*** Data shown ***
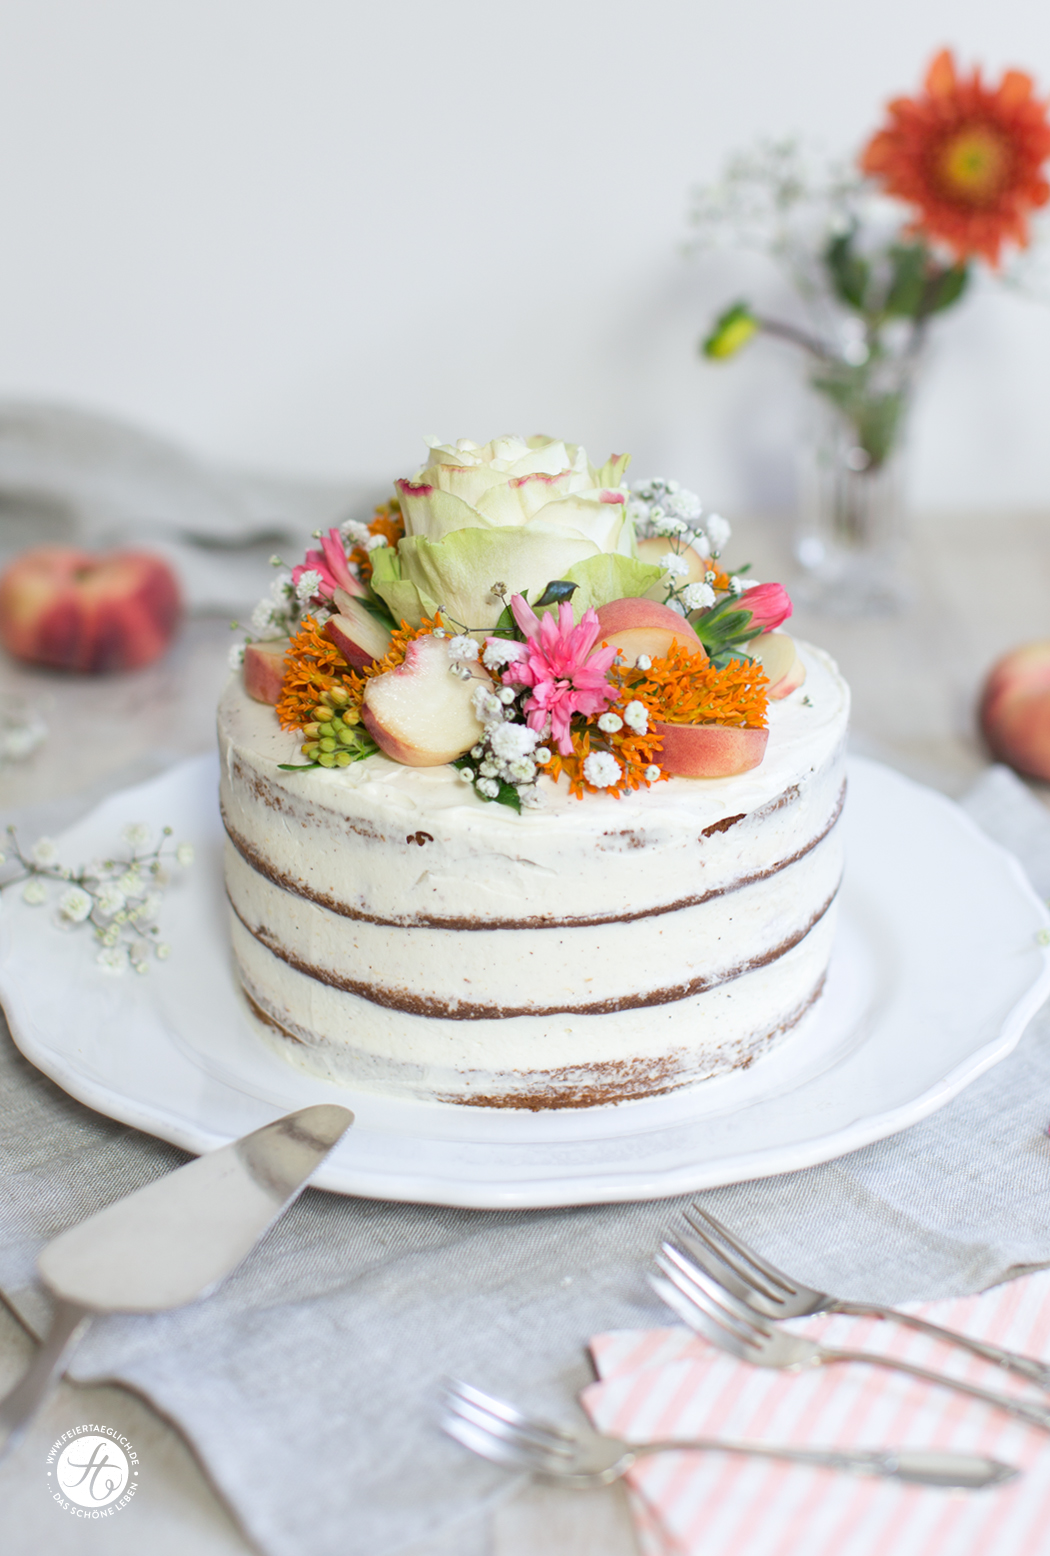 Pfirsich-Vanille-Törtchen in Flower-Power-Laune | Rezept von feiertaeglich.de
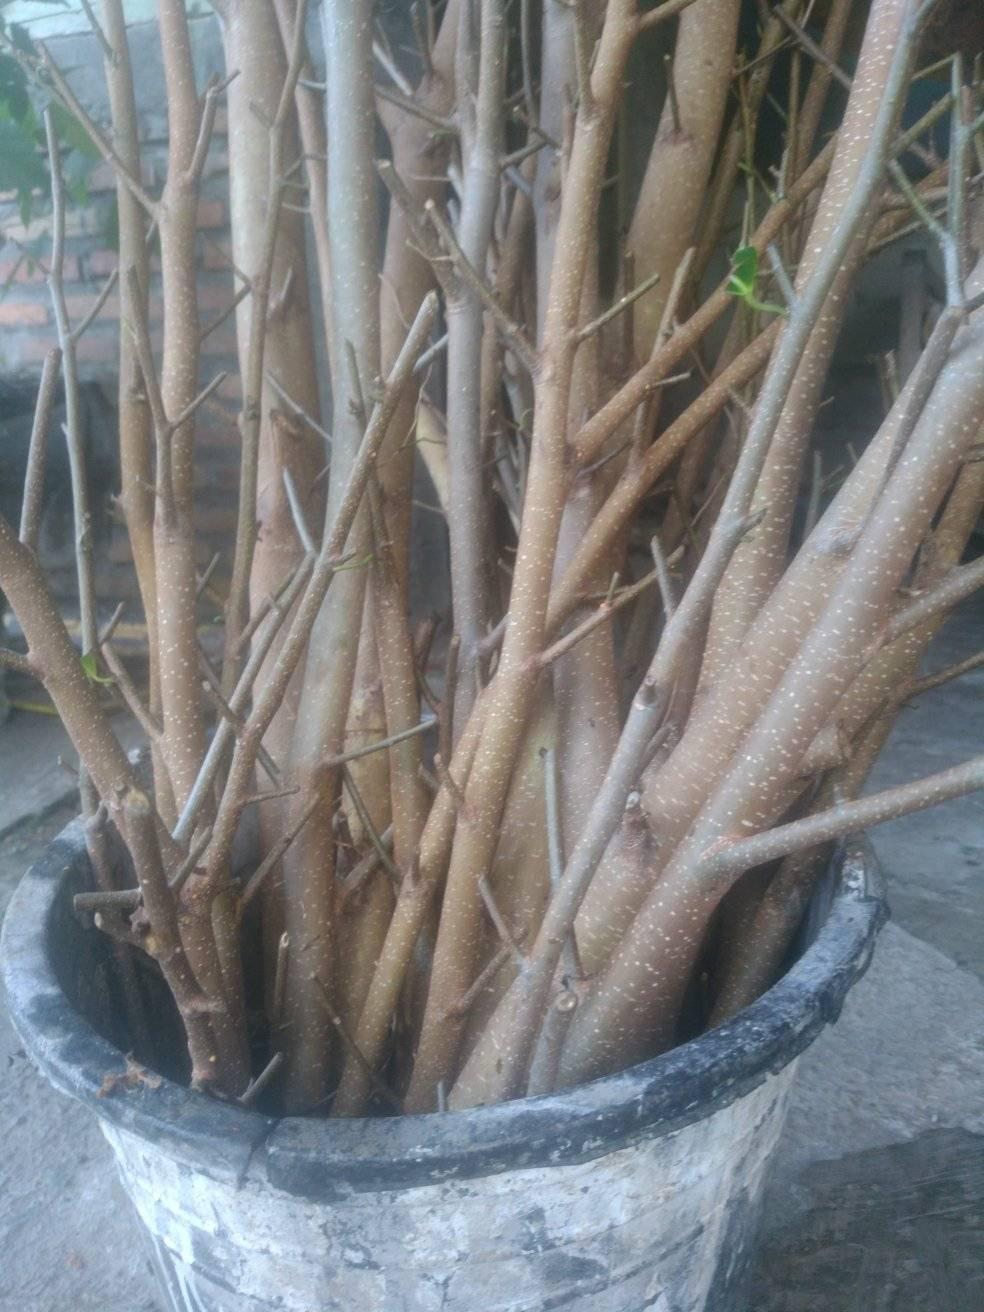 Ujung batang ficus direndam di air bawang merah. Foto:Padmo
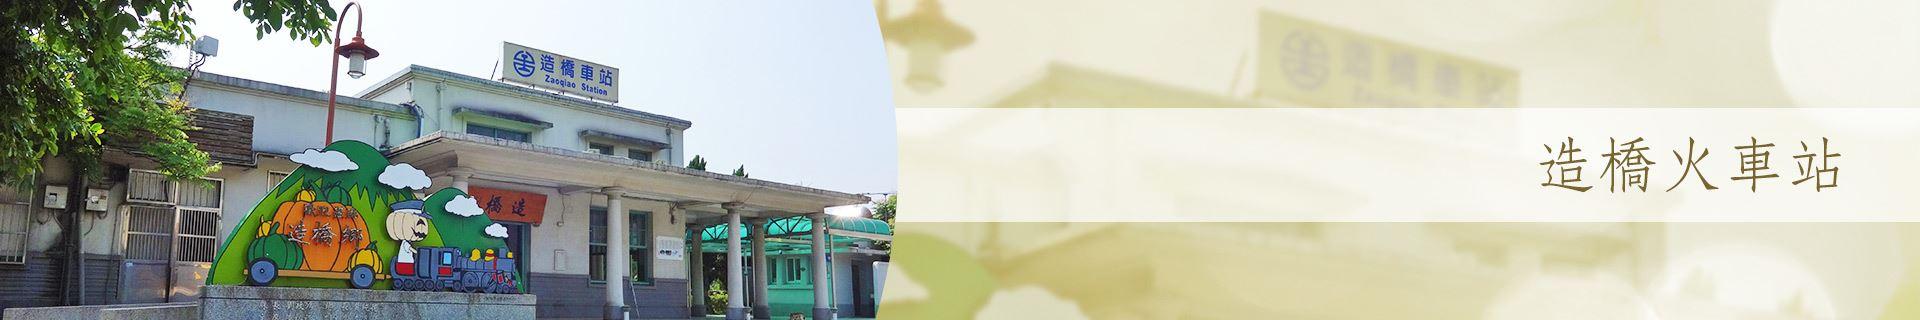 造橋火車站
*** End of Data shown ***
* Required work: Please repeat the listing precisely, excluding the pictures it contains.

* Exercise solution:
 Pfirsich-Vanille-Törtchen in Flower-Power-Laune | Rezept von feiertaeglich.de
 Ujung batang ficus direndam di air bawang merah. Foto:Padmo
 造橋火車站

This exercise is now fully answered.